Karur Vysya Bank shares have returned more than 75% since January. The shares are well poised to return a 100% in toto, according to research firms HDFC Securities and Angel Broking.
Karur Vysya Bank shares have returned more than 75% since January. The shares are well poised to return a 100% in toto, says Angel Broking. The research firm has a target of Rs 180 on the shares, implying an upside of more than 25% from the current price of Rs 143. Angel Broking says that loan growth is likely to pick up after a sluggish FY17. Further, lower credit cost will help the company to increase its Net Profit. “Increasing share of CASA will help in NIM improvement,” said the firm in a note.
HDFC Securities has advised the investors to buy the stock with a target price of Rs 181. According to HDFC Securities, Karur Vysya Bank has consistently maintained comfortable capital adequacy, backed by regular capital infusion through rights issues and moderate internal accruals. HDFC Securities says that slippages should decline going forward, as the bank has already restructured a major portion of troubled assets.
Pointing to the strengths of the company, HDFC Securities says that, with a shift in focus to Retail/SME lending, loan growth is expected to pick up. Further, lower credit costs would ensure higher growth in PAT and improvement in return ratios for Karur Vysya Bank. HDFC Securities believes that the new MD Mr P R Seshadri, who comes from CITI Bank, could bring in fresh insights and strategies to boost Net Interest Income and fee income.
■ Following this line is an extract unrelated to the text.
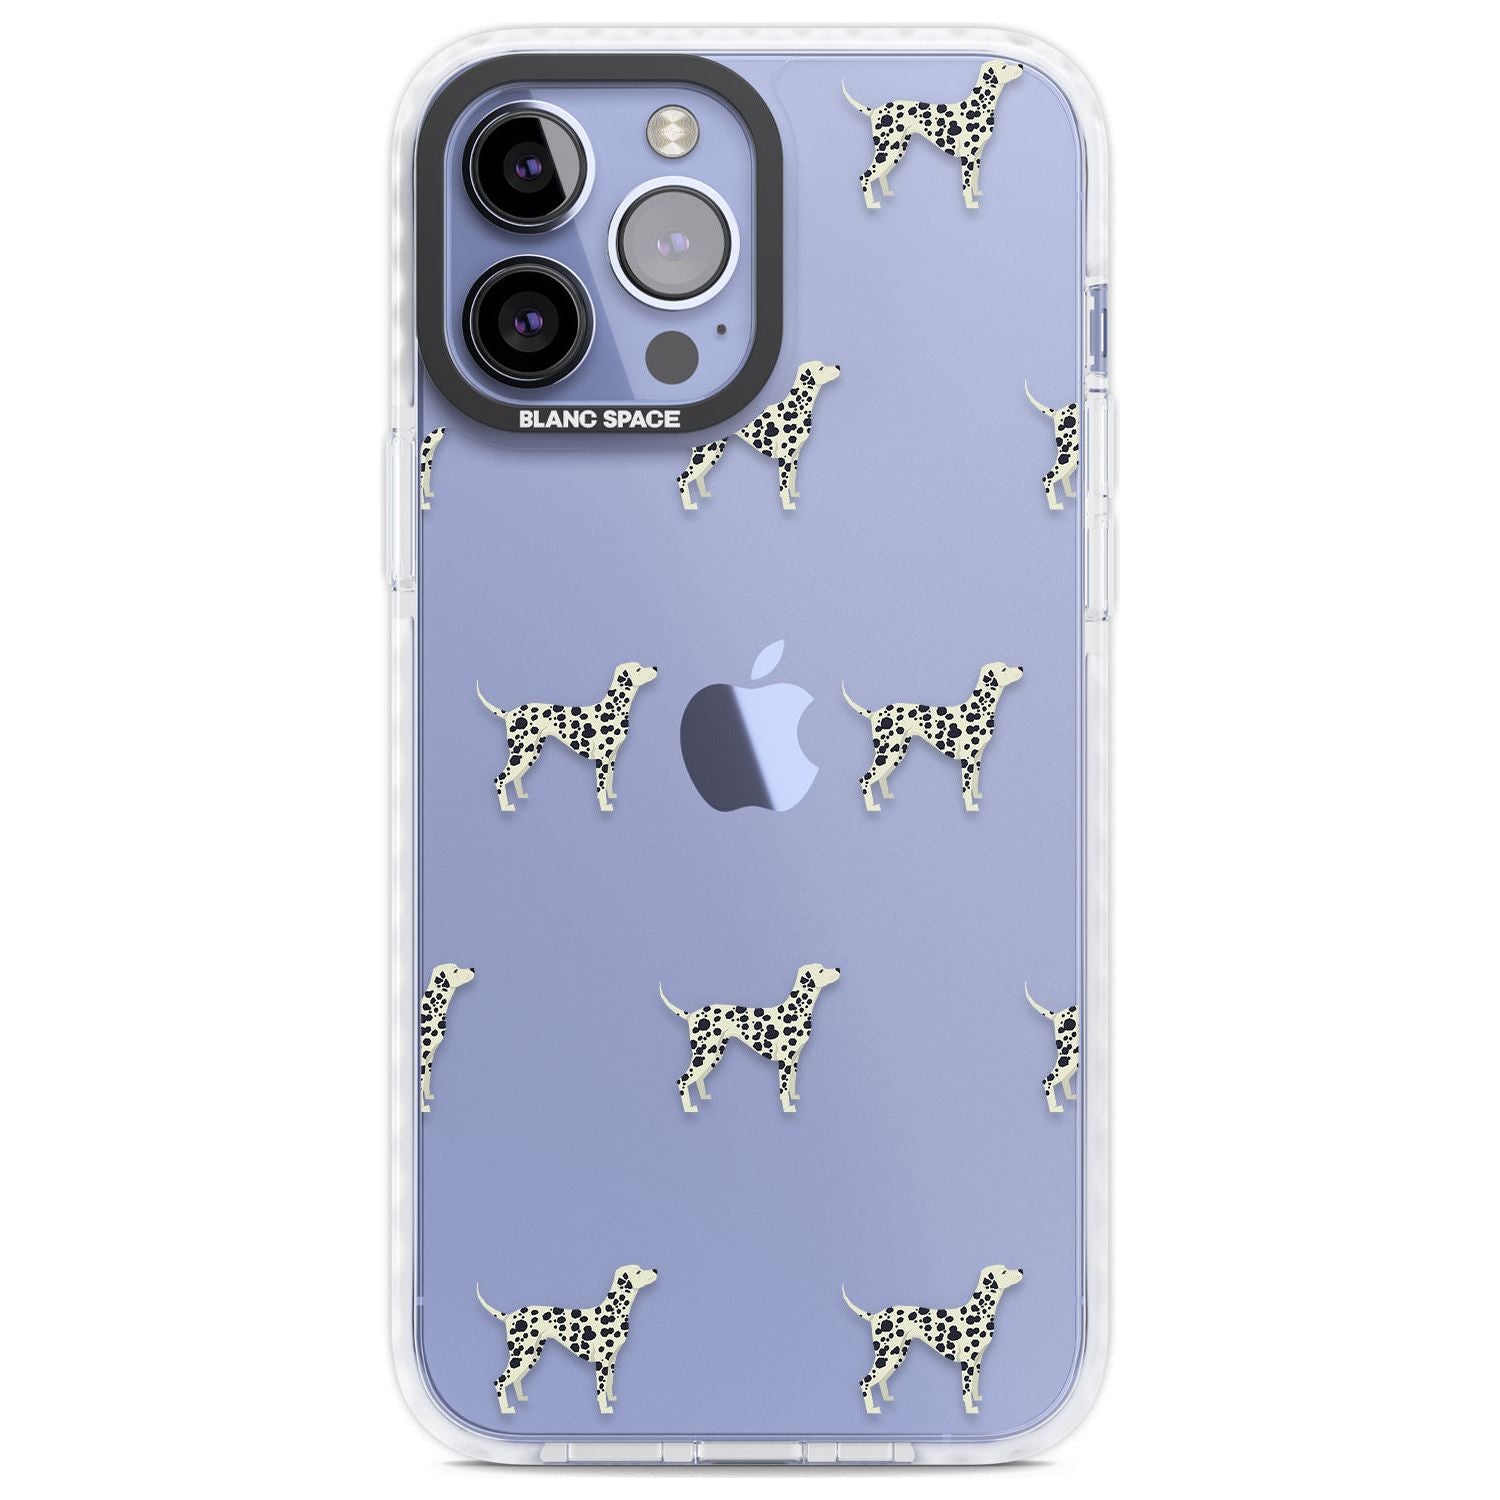 Dalmation Dog Pattern Clear Phone Case iPhone 13 Pro Max / Impact Case,iPhone 14 Pro Max / Impact Case Blanc Space

In its recent report, pointing to the concerns of the bank, HDFC Securities noted that the bank has high geographic concentration as it derives more than half of its business from its branches located in the state of Tamil Nadu. Any change in the socio-political scenario or a natural calamity could impact its borrowers and worsen the asset quality, says the firm.
Further, the research firm says that the bank is likely to face greater competitive intensity as it looks to expand its retail footprint even as this might impact its fee income. “Deterioration in asset quality NPA of the bank have increased significantly in the past 2 years. Any further deterioration in asset quality could result in higher provisioning requirements leading to lower profitability,” observes the report. Notably, the shares have corrected by more than 2.5% in the last one month.